Przyjazd Putina na warszawski szczyt Rady Europy nie był zapowiadany - powiedział prezydent Aleksaner Kwaśniewski.
Prezydent, który złożył kwiaty pod pomnikiem marszałka Józefa Piłsudskiego w 70. rocznicę jego śmierci, był pytany przez dziennikarzy, czy nieobecność Putina na warszwskim szczycie Rady Europy nie będzie przejawem ochłodzenia stosunków polsko-rosyjskich. Nie doszukujmy się we wszystkim problemów - mówił prezydent.
Jak napisała "Niezawisimaja Gazieta", Putin po raz pierwszy odmówił wzięcia udziału w szczycie organizacji, do której należy Rosja. Według środowego komunikatu rosyjskiego MSZ, na warszawskim szczycie Rady Europy Federację Rosyjską będzie reprezentować minister spraw zagranicznych Siergiej Ławrow.
Według Kwaśniewskiego, nie będzie to jedyna delegacja, której ma przewodniczyć szef dyplomacji.

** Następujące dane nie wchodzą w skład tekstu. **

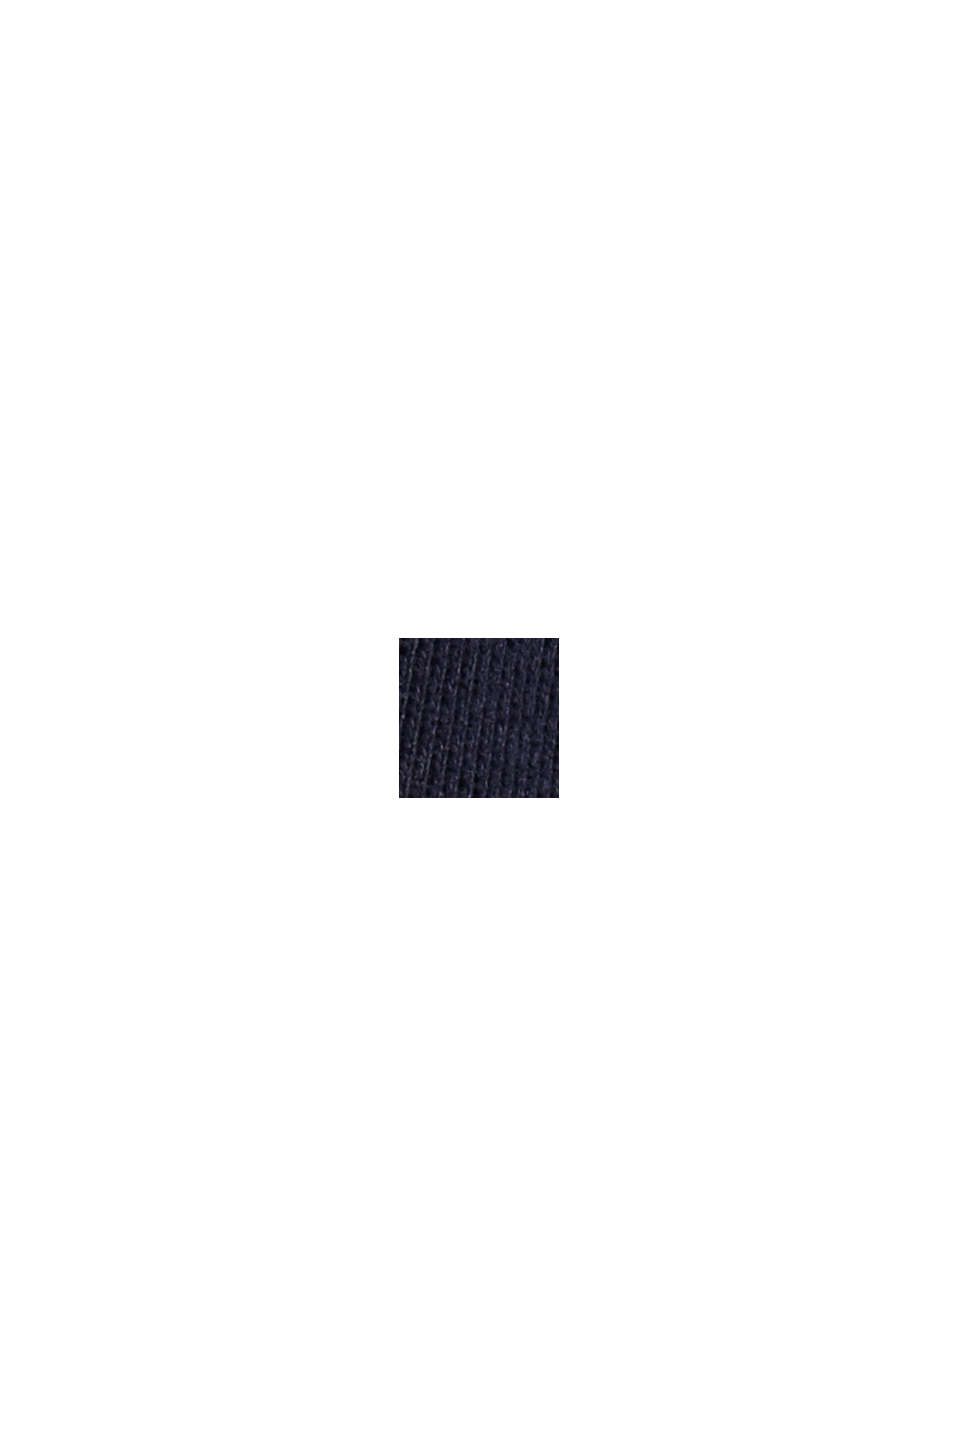 Sweat-shirt color block en coton mélangé, MEDIUM GREY, swatch

Pytany, czy nieobecność prezydenta Putina na szczycie nie jest przejawem ochłodzenia stosunków polsko-rosyjskich, Kwaśniewski powiedział, że owo ochłodzenie odczuwa się "przede wszystkim po zakończeniu kryzysu politycznego na Ukrainie (pomarańczowej rewolucji, która doprowadziła do władzy Wiktora Juszczenkę - PAP)". Jak dodał, w "sprawie ukraińskiej jeszcze długo będzie występować różnica zdań między Polską a Rosją" i trzeba zdawać sobie sprawę z konsekwencji.
Prezydent powiedział, że w sprawie ukraińskiej Polska "stanęła po właściwej stronie - po stronie wartości, uczciwych wyborów i cieszymy się, że takie wybory miały miejsce".
Kwaśniewski podkreślił, że "jeśli to ochłodzenie w relacjach polsko-rosyjskich jest kosztem naszego zaangażowania w rozwiązanie kryzysu ukraińskiego, to twierdzę, że to miało sens". To są koszty - dodał - które powinniśmy przyjąć, nie płakać z tego powodu. Już na pewno nie powinniśmy zachowywać się tak jak w ostatnie dni, kiedy to we wszystkim widzimy problem i jakieś afronty wobec Polski - powiedział. Miejmy poczucie własnej siły i godności - dodał Kwaśniewski.